Psychische Gesundheit

Eine umfassende Herangehensweise an die psychische Gesundheit

Die psychische Gesundheit ist Bestandteil der allgemeinen Gesundheit. Sie gehört zur den Prioritäten der Kommission, die seit 25 Jahren Maßnahmen und Projekte zur Verbesserung der psychischen Gesundheit der Menschen in Europa und darüber hinaus unterstützt.

In ihrer Rede zur Lage der Europäischen Union im September 2022 kündigte Kommissionspräsidentin Ursula von der Leyen die Absicht der Kommission an, 2023 einen neuen umfassenden Ansatz für die psychische Gesundheit vorzulegen.

Am 7. Juni 2023 veröffentlichte die Kommission die Mitteilung über eine umfassende Herangehensweise an die psychische Gesundheit, die Mitgliedstaaten und Interessenträger dabei unterstützen soll, rasch auf Herausforderungen im Bereich der psychischen Gesundheit zu reagieren.

Diese Mitteilung setzt den Ton für einen neuen Ansatz.
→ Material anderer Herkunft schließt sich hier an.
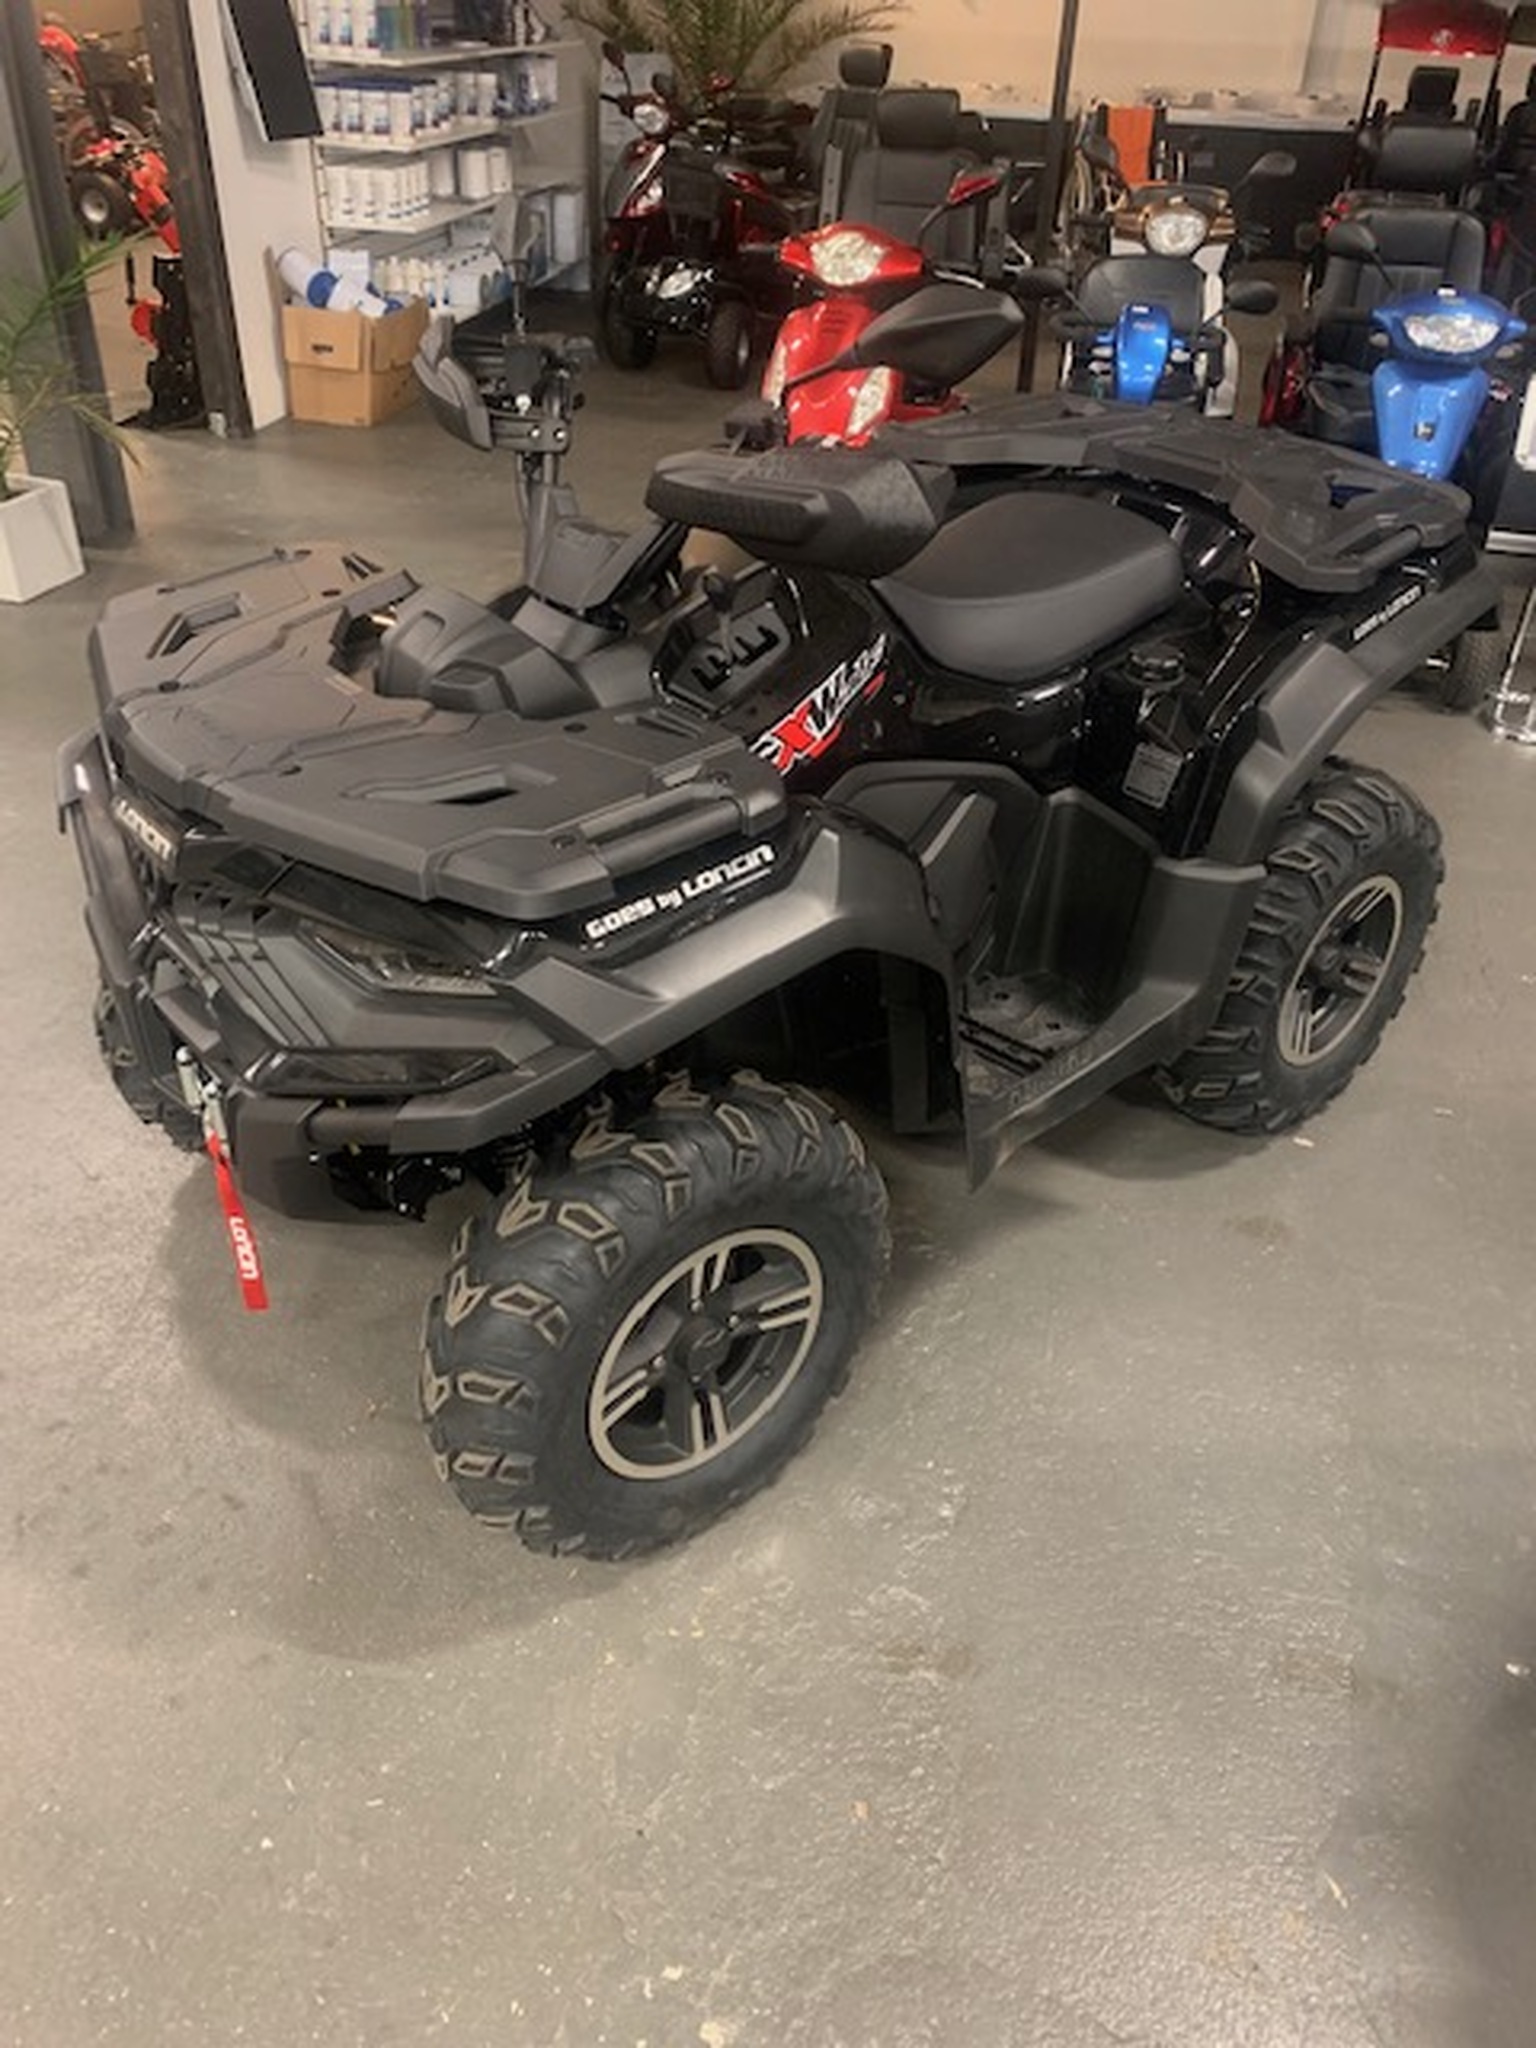 Goes Xwolf 700 ATV, fyrhjuling
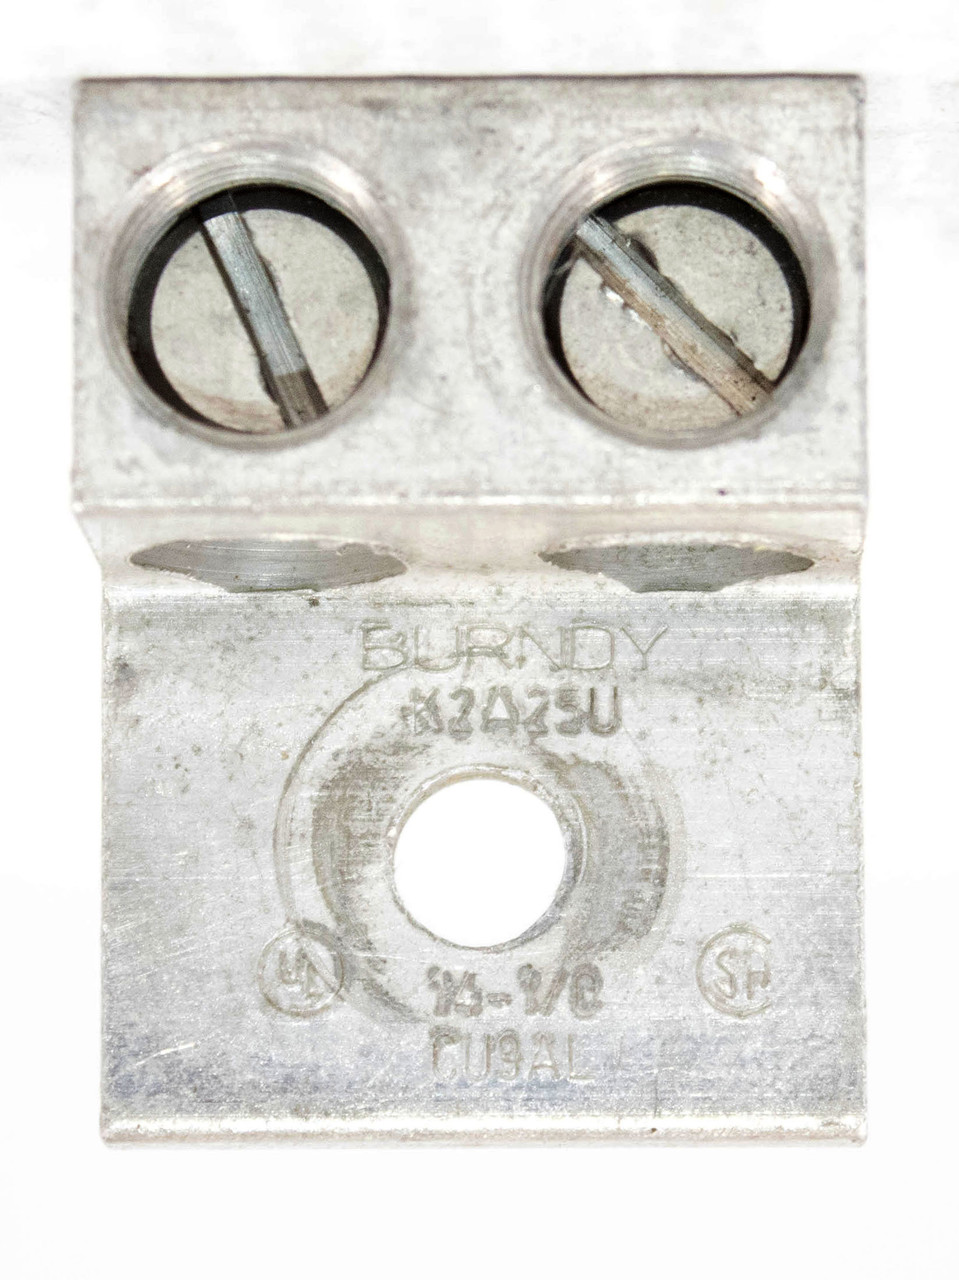 Burndy K2A25U Terminal Lug 1/0-14 2 Conductors 1 Hole

Nach umfassenden Konsultationen mit den Mitgliedstaaten, Interessenträgern und Bürgerinnen und Bürgern wurde eine umfassende, an der Prävention und auf viele Akteure ausgerichtete Herangehensweise im Bereich der psychischen Gesundheit entwickelt.

Mit dem neuen Ansatz wird anerkannt, dass es bei der psychischen Gesundheit nicht nur um Gesundheit geht, sondern auch um Dinge wie Bildung, Digitalisierung, Beschäftigung, Forschung, Stadtentwicklung, Umwelt und Klima.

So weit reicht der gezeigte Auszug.